MATERIAL PROVIDED:
*** Begin section ***

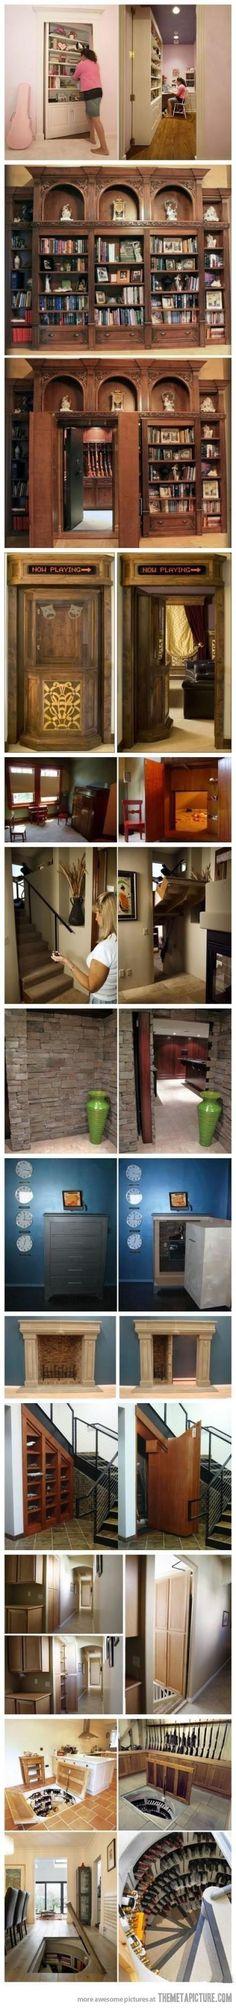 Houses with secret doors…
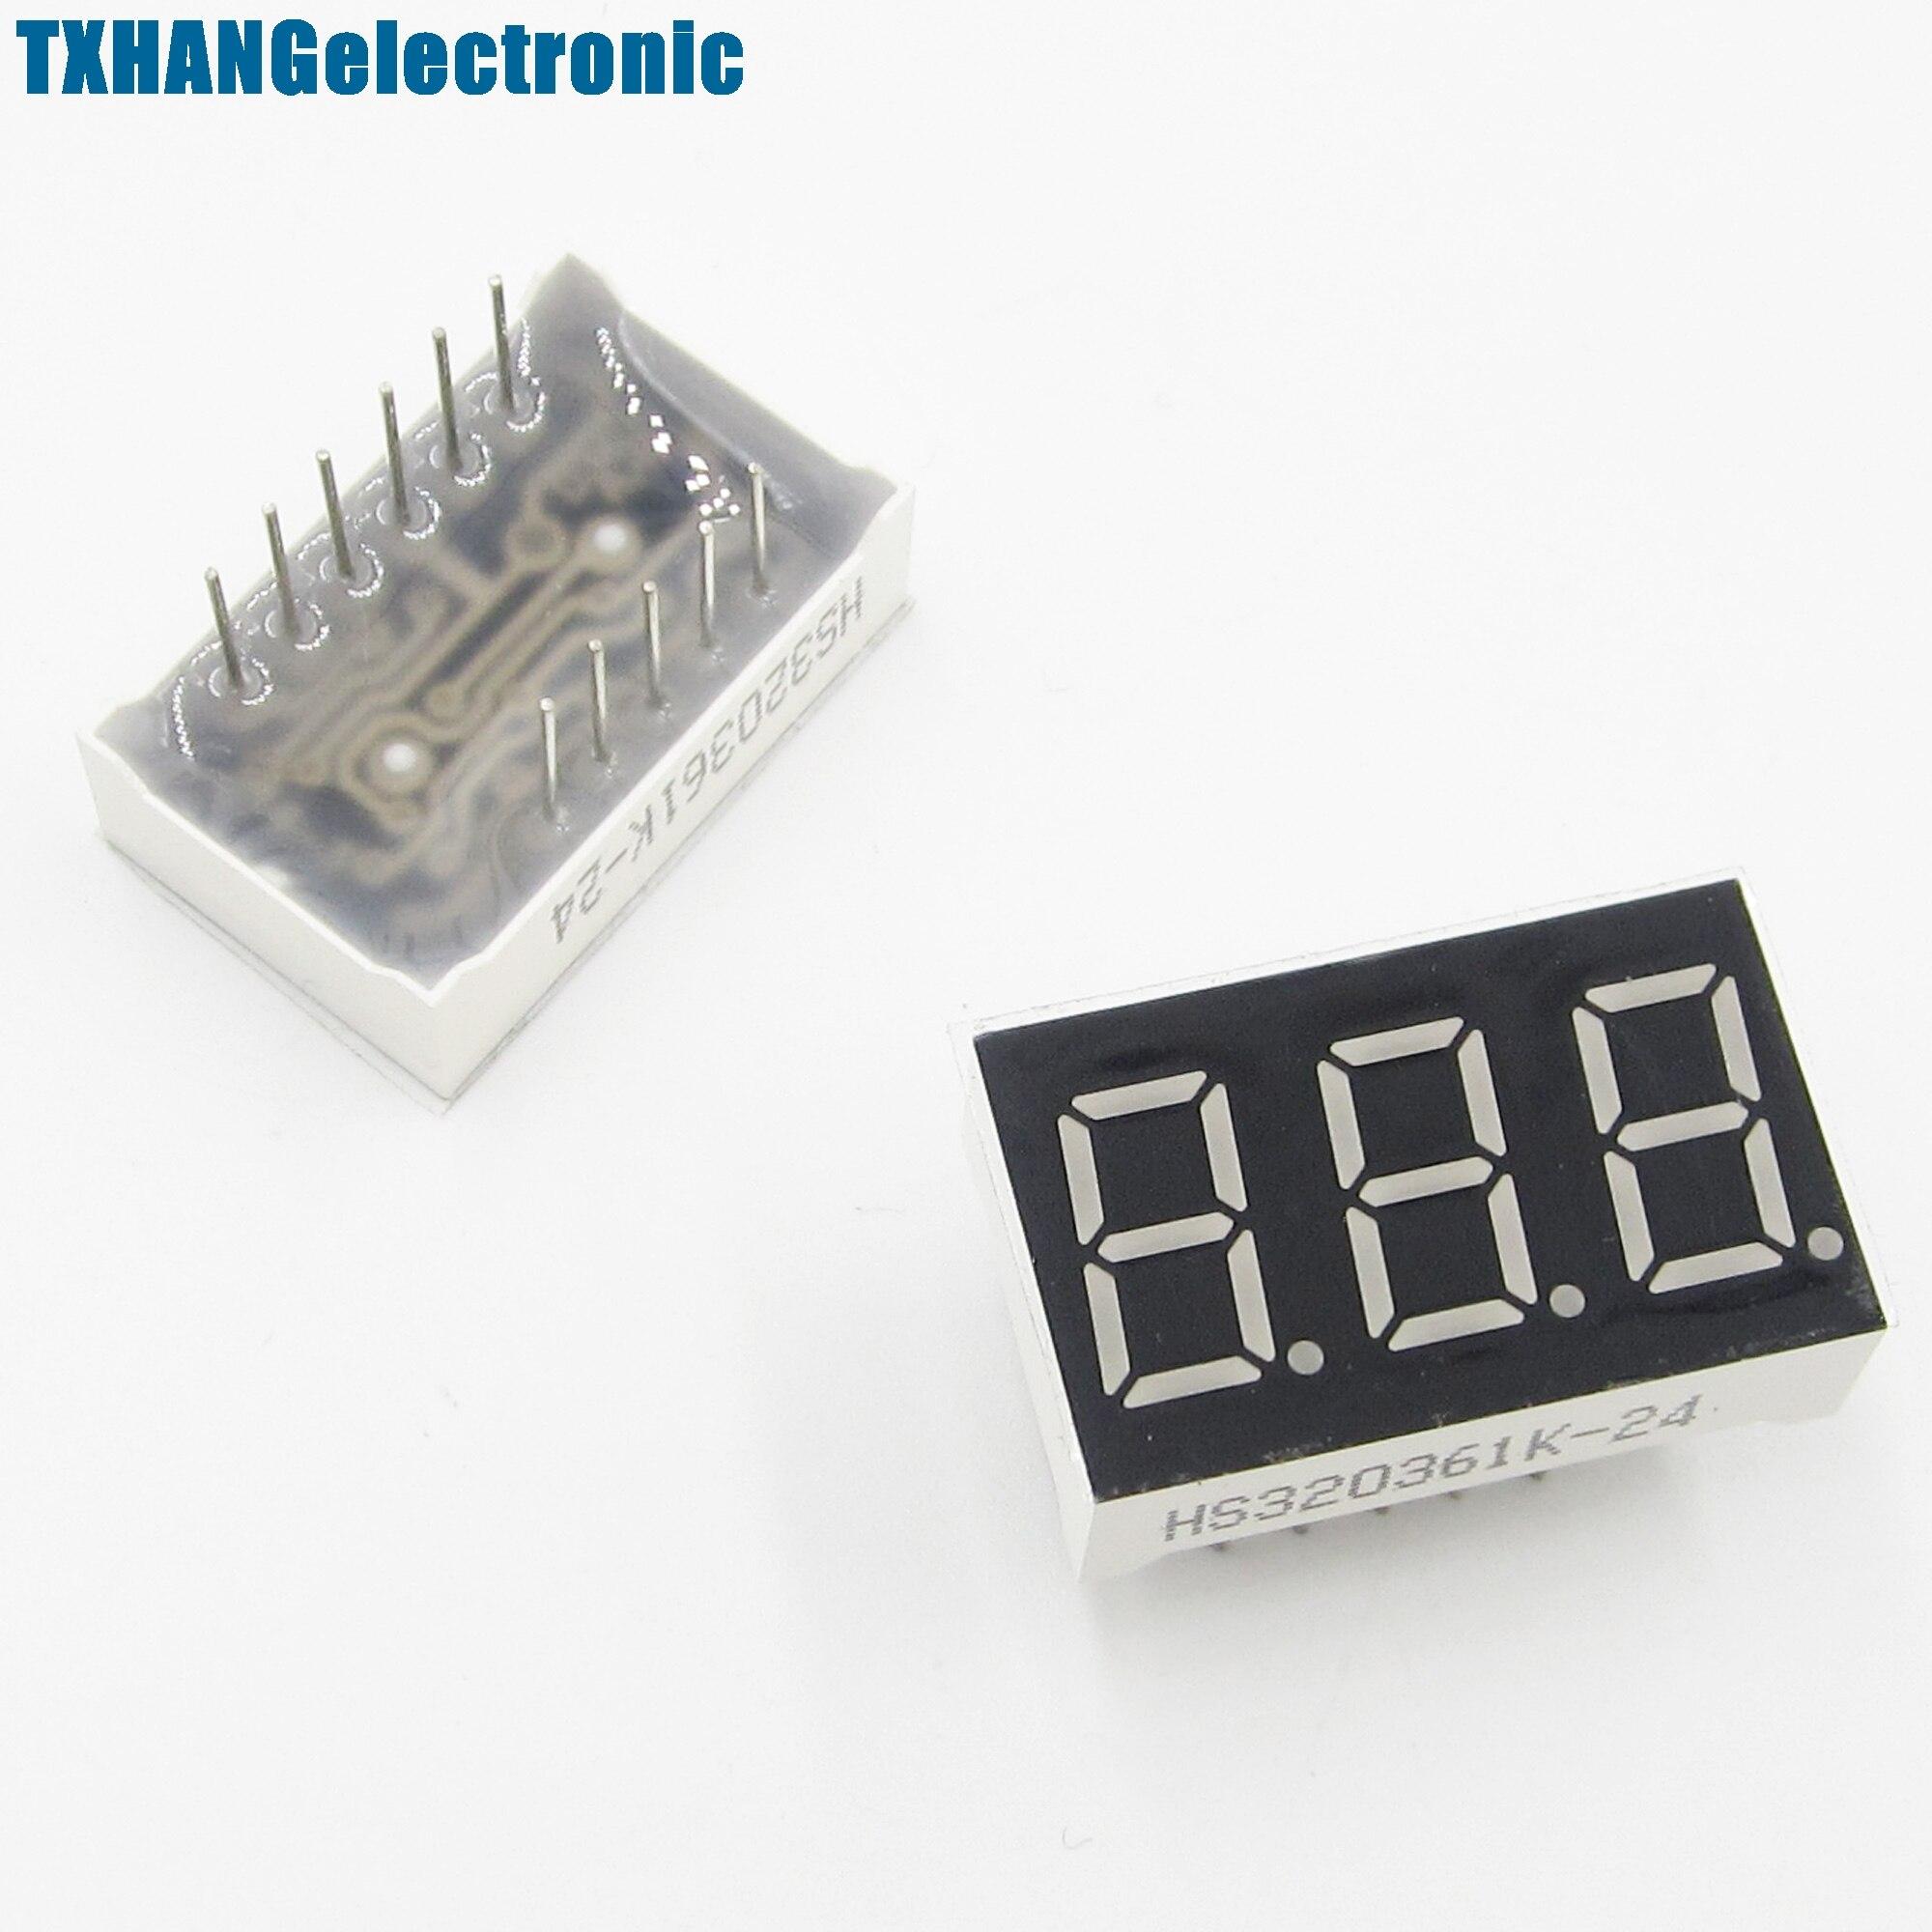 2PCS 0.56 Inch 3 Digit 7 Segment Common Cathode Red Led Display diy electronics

*** End section ***
*** Begin section ***

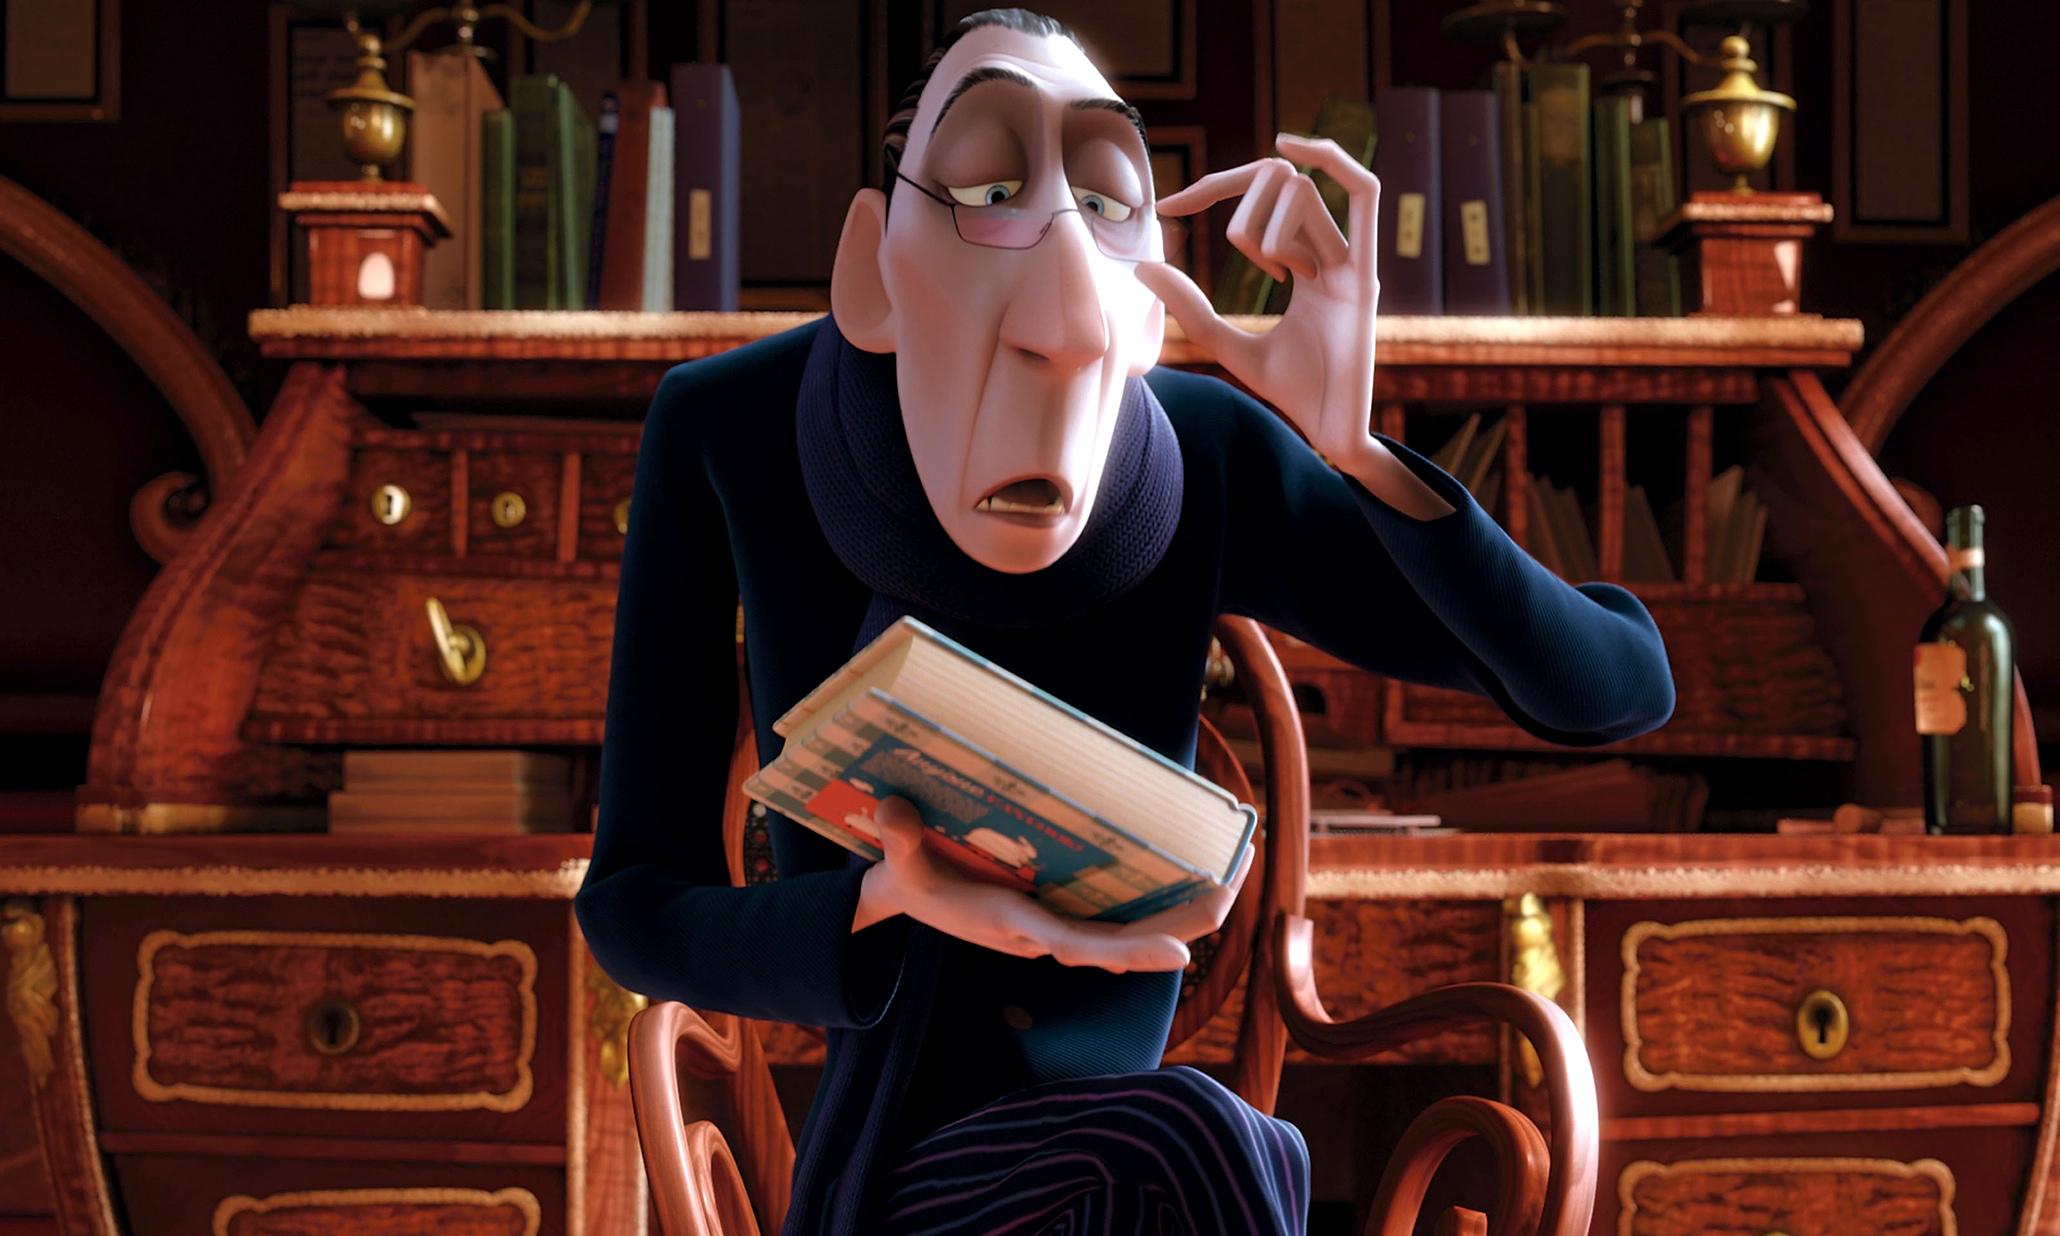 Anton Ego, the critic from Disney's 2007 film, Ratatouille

*** End section ***
*** Begin section ***

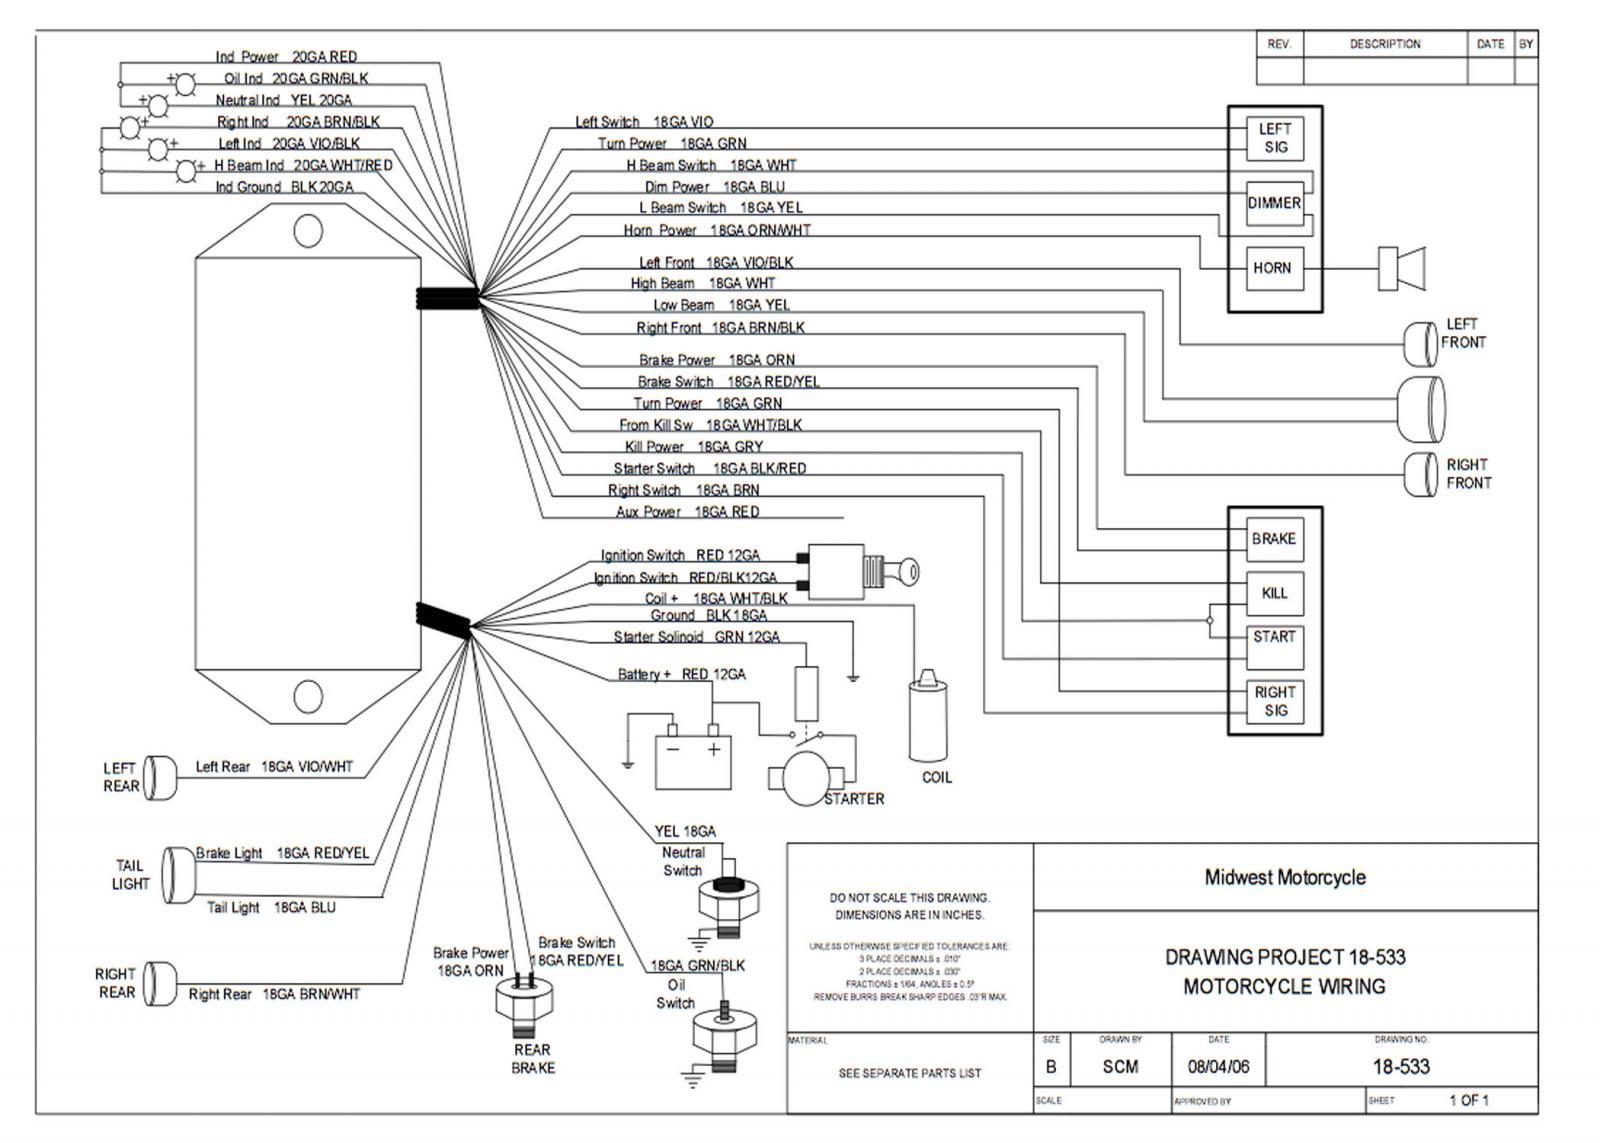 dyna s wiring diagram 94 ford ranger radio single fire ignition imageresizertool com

*** End section ***

WHAT THE TASK REQUIRES:
With the pictures omitted, restate word for word the lines above from the line that has "Houses with secret doors…" up to and including the line that has "2PCS 0.56 Inch", and no other lines.

ANSWER SPACE:
 Houses with secret doors…
 2PCS 0.56 Inch 3 Digit 7 Segment Common Cathode Red Led Display diy electronics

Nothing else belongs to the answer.